The challenge in treating Burkitt lymphoma is due, in part, to the restricted viral latency of EBV in this lymphoma subtype. While T-cell immunotherapy is effective against EBV-infected lymphomas that express the full EBV latency III program, most EBV+ lymphomas, including Burkitt lymphoma, express the latency I program. In this circumstance, the single Epstein-Barr nuclear antigen (EBNA1) that is produced is poorly immunogenic, enabling tumors to evade immune responses.

Dr. Giulino Roth’s research team at Weill Cornell Medicine led a study to determine if pharmacologic modulation of latency I tumors could induce immunogenic latency III viral antigen expression and if this would sensitize resistant tumors to EBV-directed immunotherapy. The study was conducted in collaboration with specialists in hematology, pathology, and infectious diseases at several other major institutions.

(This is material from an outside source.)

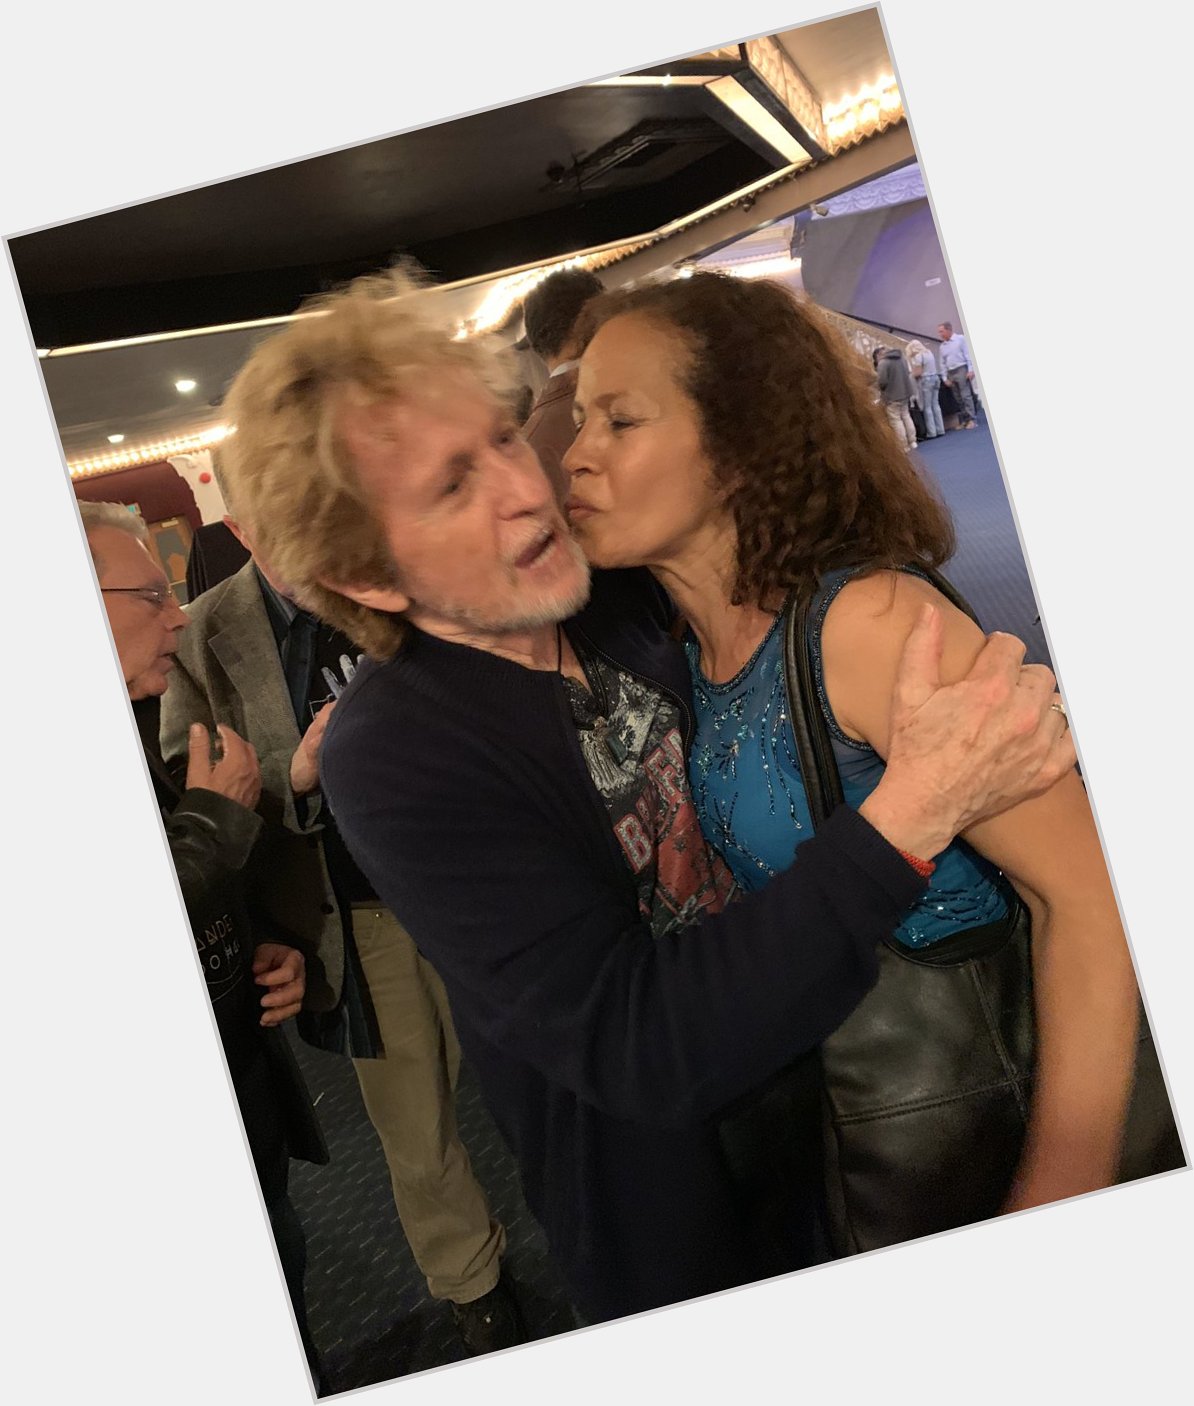  Happy birthday Jon Anderson! My regards to you beautiful wife. Are you in SLO area?

Their findings, published in the May 21, 2020 issue of Blood, validated the research hypothesis and revealed the following:

• A high-throughput drug screen enabled the research team to pinpoint small molecules that induce expression of latency III viral genes in latency I EBV+ Burkitt lymphoma
• The chemotherapy drug decitabine was identified as a potent inducer of immunogenic EBV antigen and induced the latency III antigen expression in vitro and in vivo
• Hypomethylation of EBV+ Burkitt lymphoma in murine models induced expression of immunogenic viral antigens that sensitized tumors to T-cell-mediated killing

Decitabine treatment induces an up-regulation of EBV latency III antigen LMP-1 in Kem I in vitro. Immunofluorescence staining for LMP-1 in Kem I cells treated with drug (decitabine) vs vehicle control (DMSO) for 72 hours at the following doses: A) vehicle B) decitabine 50 nM C) decitabine 1 uM. Data are shown as percent GFP/Dapi in treated cells compared with vehicle control. Experiments were performed in triplicate.

“Our approach represents a departure from traditional EBV-directed therapy,” notes Dr. Giulino Roth. “We sought to shift latency in order to create a more immunogenic tumor that is responsive to immunotherapy. Through a comprehensive pharmacologic screen, we found that a short course of low-dose decitabine can depress latency I and III EBV+ Burkitt lymphoma antigens, with effects persisting beyond completion of the therapy.”

Referencing her international motivation, Dr. Giulino Roth notes, “Our results have profound implications for providing treatments to children with EBV lymphomas in sub-Saharan Africa and resource-limited countries where high-dose chemotherapy is not feasible, and outcomes are poor. These children would particularly benefit from targeted therapies.”